◆ Exercise details ◆
For the entries below, the expected answer is the line with "Karishma Wedding Album", the line with "Rhoot Ginko Biloba", and every line between them, exactly as written, and nothing more.

◆ Materials provided ◆
━━━━━━━━━━━━━━━━━━━━━━━━━━━━━━
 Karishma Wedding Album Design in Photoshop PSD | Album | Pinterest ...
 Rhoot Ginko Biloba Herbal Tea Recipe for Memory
━━━━━━━━━━━━━━━━━━━━━━━━━━━━━━
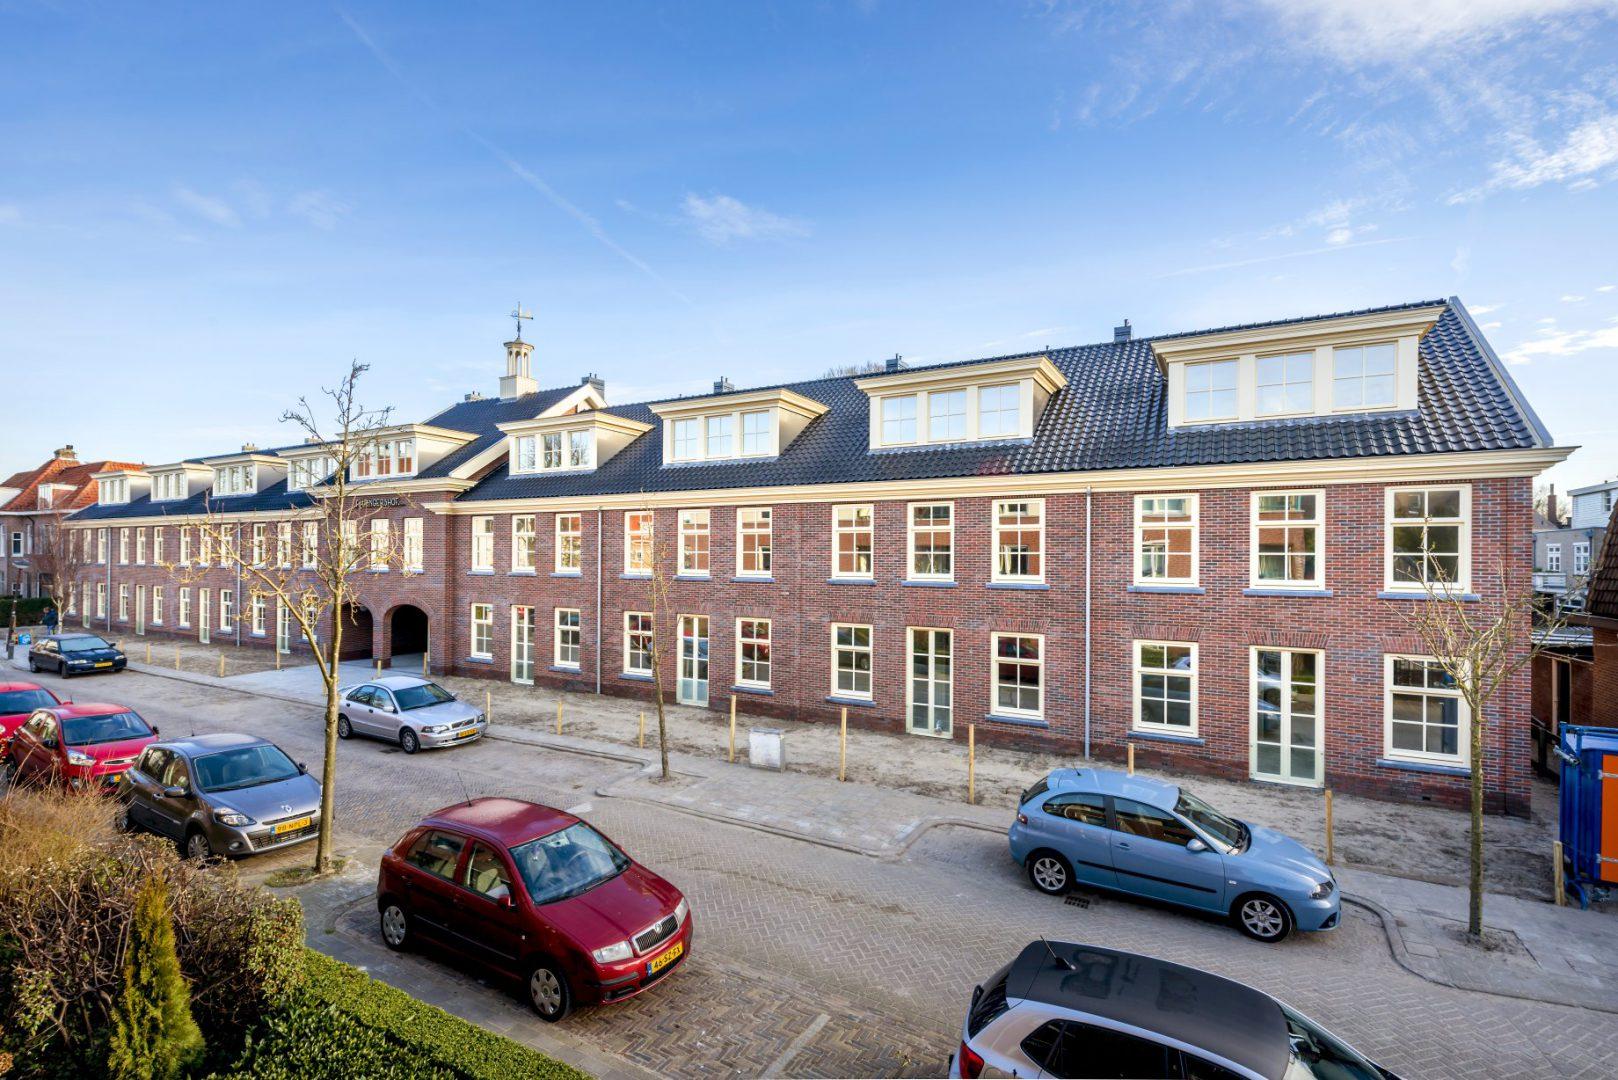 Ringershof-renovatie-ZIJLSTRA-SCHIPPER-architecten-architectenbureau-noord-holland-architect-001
━━━━━━━━━━━━━━━━━━━━━━━━━━━━━━
◆ Response box ◆
 Karishma Wedding Album Design in Photoshop PSD | Album | Pinterest ...
 Rhoot Ginko Biloba Herbal Tea Recipe for Memory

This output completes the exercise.